Observing Memorials

It’s been a busy few weeks for death, though I suppose that describes most weeks rather than just my particular last few.  I conducted a memorial service this week for a member of the congregation, and I attended a memorial service this afternoon for the father of a close friend & associate.  And in mostly unrelated news, the pastor who confirmed me passed away yesterday, but I won’t be doing or watching his memorial service.  

Going to other memorial services is always a mixed experience now.  There’s empathy for the family and friends who are grieving.  There’s a certain level of professional curiosity – how is the pastor going to conduct the service?  What will the emphasis be?  Have I been doing it wrong all these years?
It seems as though a Christian memorial service can have one of two foci – either the person who is deceased or God.  It’s either a time for us to remember and share our relationship with that person and what their faith has meant in our lives, or it’s an opportunity to give praise and glory to the God who created, redeemed, and has sanctified our brother or sister in Christ.  
I opt for the latter.  I treat Christian memorial services as times for the community of faith to gather around the friends and family of the deceased and affirm the faith of the departed.  This means to acknowledge that the deceased was a person of faith, that they trusted Jesus Christ as their Lord and Savior, and it then means explicating what that faith means not just for them, but for those of us assembled.  The Gospel has to be proclaimed.  Jesus Christ as the way of reconciliation with God the Father must be the central focus.  
I find that this focus makes people preparing for their own death more comfortable.  Most folks don’t want a big fuss made about them.  I’ve ministered to some people who have refused the idea of a memorial service because it seems self-serving (even though they’re going to be dead at the time).  When I assure them that they are the reason for the gathering, but not the focus of the gathering, it seems to help them relax a bit.  The service has a purpose, and in my way of handling it, the purpose is not the glorification of a dead person (however good and wonderful they might have been), but the glorification of the God that they are now at peace with.
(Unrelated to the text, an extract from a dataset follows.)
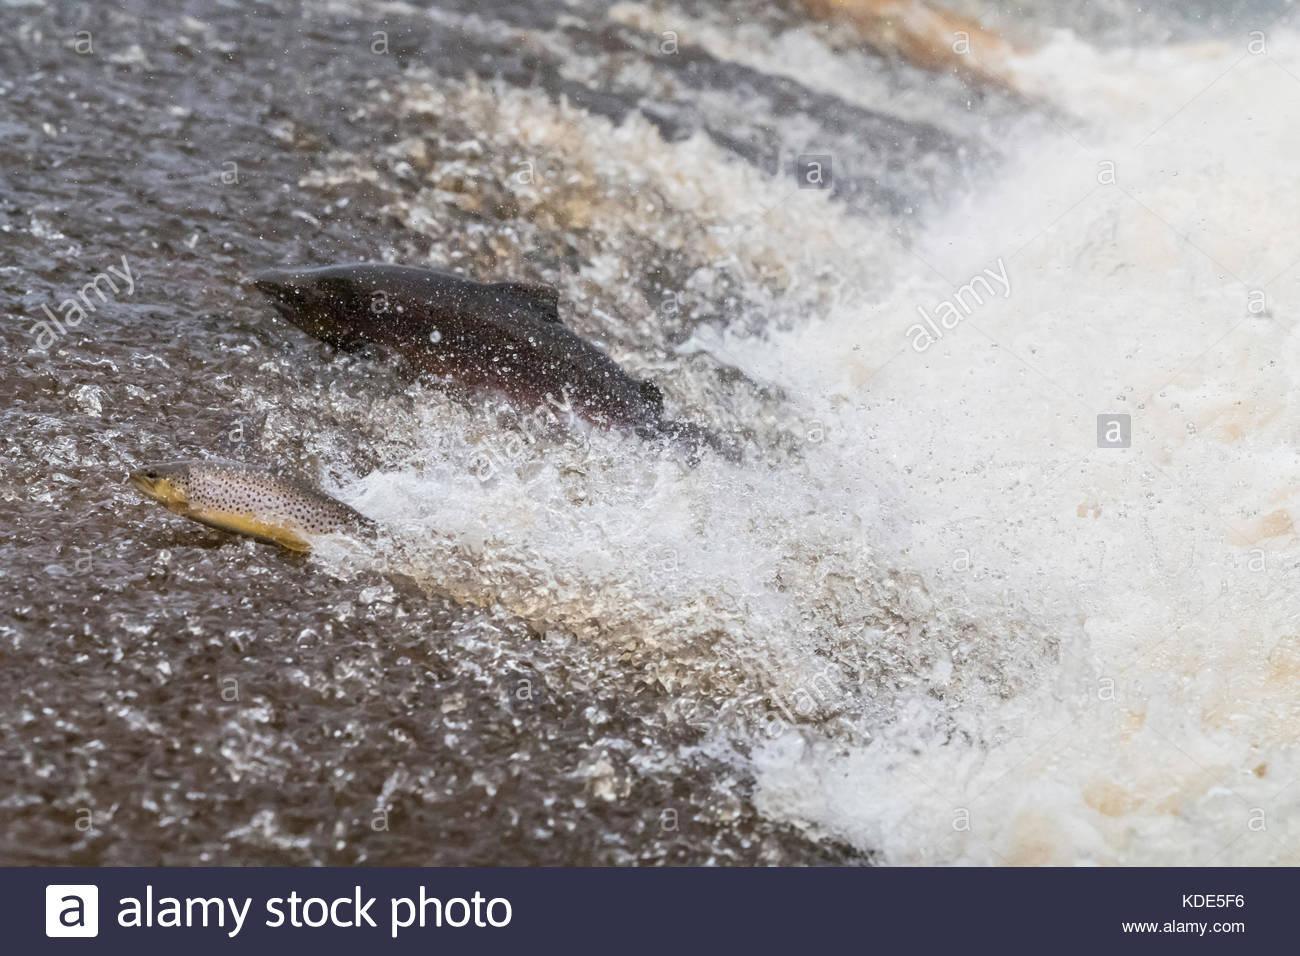 Selkirk, Scottish Borders, UK. 13th Oct, 2017. An Atlantic Salmon (Salmo salar) and Brown Trout )Salmo trutta) leap - Stock Image

Others opt for the alternative though, focusing on the individual.  It’s a touching time, when personal testimonies make up the bulk of a service.  It never fails to bring the tears and the laughter, the emotional catharsis that we all crave as a release from the feelings of grief and loss.  But it always seems so awkward.  The picture that is painted of the deceased is invariably lopsided.  Whatever flaws and shortcomings they had are either ignored or treated as cute or lovable.  Whatever their good traits were seem exploded to monumental proportions.  It makes me itchy, and perhaps that’s just because I’d hate for anyone to be so mistaken about who I am after I die.  Maybe for other folks, it isn’t a mistake.  
It’s not that the Gospel can’t come through in this person-focused service.  But it’s often obscured.  Reference invariably is made to the person’s faith, but it’s rarely explained as to what that faith specifically was, and how that faith can and should be the faith of every person listening to the memories and testimonies.  It can too easily remain as yet another beautiful aspect of the deceased’s personality, without ever coming across as a vital, life-giving necessity that can be the joy of every person sitting there.  
Perhaps there’s a happy medium to be had.  I haven’t seen it yet, but perhaps it exists.  
Be that as it may, when I die, the preacher damn well better focus on the Gospel and not on me.  Not because it will matter to me at that point, but because it will matter a very great deal to whomever happens to be gathered to send me off.